IOTC annual meeting – a missed opportunity

Tuna underwater ©Richard Carey/Adobe Stock
Tuna underwater © Richard Carey/Adobe Stock

The Indian Ocean Tuna Commission (IOTC) has held its annual session from 16 to 20 May 2022. The main priorities of the European Union at the meeting were to discuss how to address the yellowfin tuna stock in the Indian Ocean, the adoption of a new management measure for drifting fish aggregating devices (FADs) and the adoption of catch reduction for skipjack tuna. The EU regrets that the IOTC could not agree on any of these items and considers this a missed opportunity for the sustainable management of the Indian Ocean fisheries.

Yellowfin tuna catch reduction

The EU went to the meeting engaged to discuss further catch reduction for yellowfin tuna, as explicitly advised by the IOTC scientific committee. Since the establishment of the rebuilding plan for yellowfin tuna in 2016, the EU, as the biggest contributor, has continuously reduced its yellowfin tuna catches by more than 21% as compared to 2014 levels (more than 20,000 t). No other IOTC member has matched this reduction.

Unfortunately, our efforts (and those of other IOTC members) have been nullified by the decision of 6 IOTC members (India, Indonesia, Iran, Madagascar, Oman and Somalia) to object to the rebuilding plan. Last week at the 2022 annual meeting, the same countries have reiterated their unwillingness to participate to the conservation effort or to engage in any discussion. Faced with this failure, the IOTC agreed, on the basis of an EU proposal, to further engage with those objecting countries in order to try to reconcile positions, before calling a special session that should discuss future solutions at latest by the first quarter of 2023.

Fish aggregating devices

Even more disappointing is the fact that the IOTC could not adopt a new regulatory framework for fish aggregating devices. The EU had tabled a very ambitious and comprehensive proposal for a resolution to manage FADs. This proposal was the most stringent text ever discussed in a Regional Fishery Management Organisation. The adoption of this proposal would have substantially increased the sustainability of FAD fishery by

  • reducing the number of deployed FADs to a level never even discussed in any other oceans (240)
  • imposing the use of biodegradable FADs in 2025
  • introducing the basis for traceability in the use of FAD

At the end of a marathon of five days and many concessions agreed by the EU, the other members of the IOTC remained inflexible in their positions and failed to recognise the incredible step forward the proposal would have meant for the organisation, for the Indian Ocean, for the fish stocks and for the future of the fisheries across the globe.

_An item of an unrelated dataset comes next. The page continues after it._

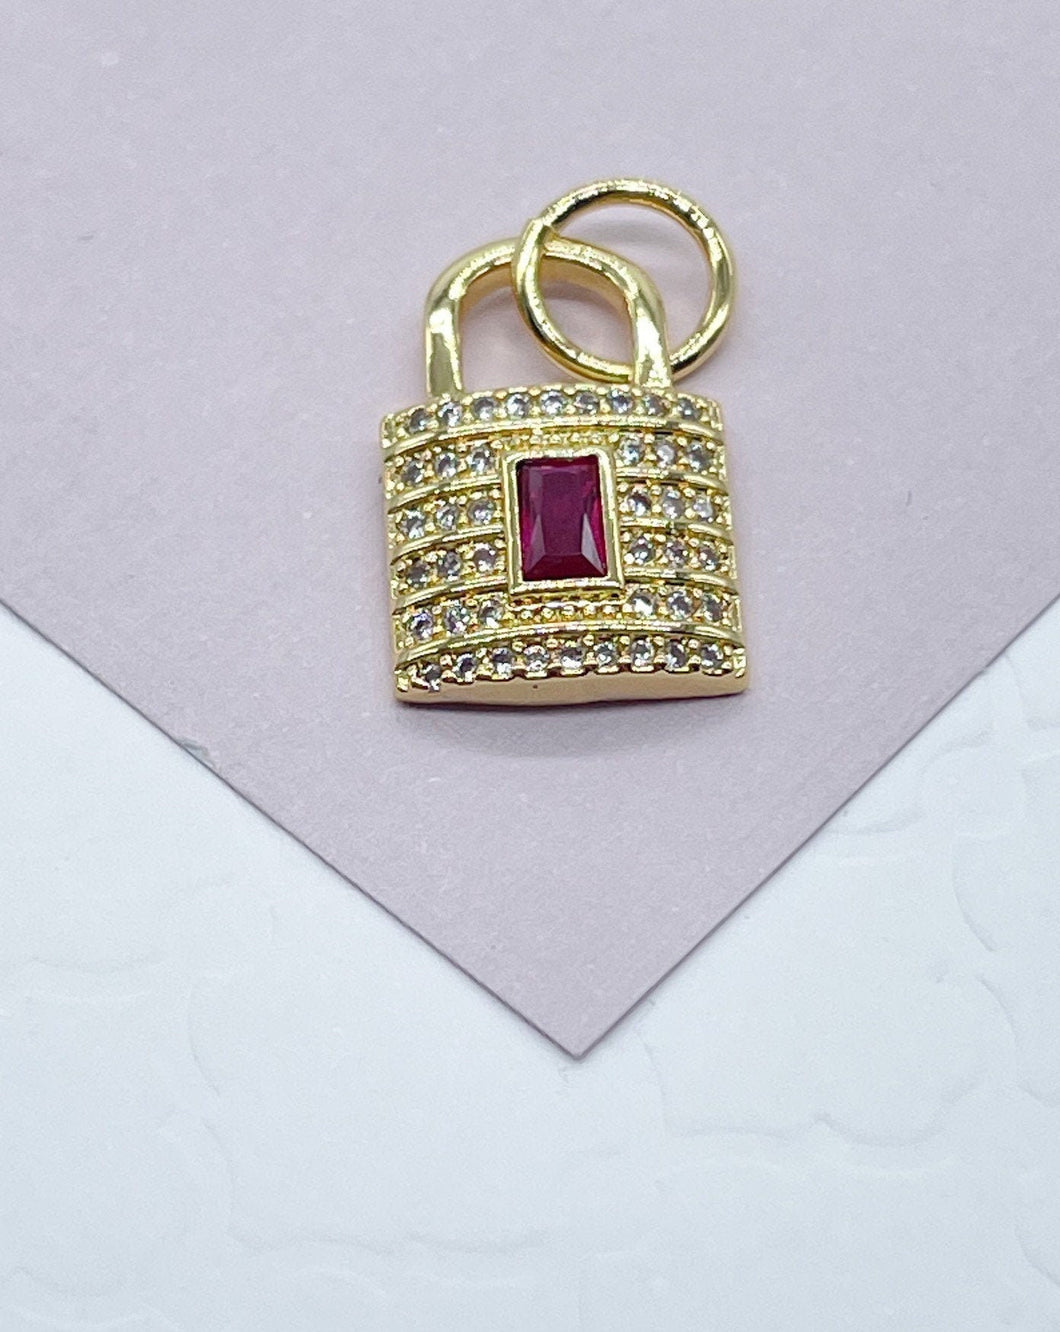 18k Gold Filled Lock Charm with Micro Pave Cubic Zirconia Featuring Dainty

This position is for some the result of an intransigent position that aimed at imposing a temporal closure to FADs without any prior scientific assessment, for others the consequence of the mere interest in defending the lack of any rule for the use of anchored FADs over the need to find a common ground for the management of all FADs. The issue will come back next year and the EU will keep defending an ambitious realistic and science-based approach covering all FADs.

The EU has also tabled a proposal to counteract the increasing trend of skipjack tuna catch. As last year, however, the IOTC did not manage to adopt the proposal to bring back the catches of skipjack within the agreed Total Allowable Catch (TAC). Some parties of the IOTC were not willing to take action to ensure that the fisheries on skipjack remain sustainable on the long-term. In the views of the EU, it is again a lost occasion to mitigate the risk of deterioration of skipjack stock.

Not all is lost

After several years of intensive scientific work with the European and Australian scientists in the lead, the IOTC adopted a far-reaching management procedure on bigeye tuna, an important step forward for well-informed science-based management decisions for the management of the bigeye tuna stock in the future.

In addition, an EU proposal on observer coverage - creating the basis for the introduction of more electronic monitoring system on board - has been adopted by the IOTC parties. Little progress compared to the challenges ahead of us, but at least a sign of progress and hope for the future.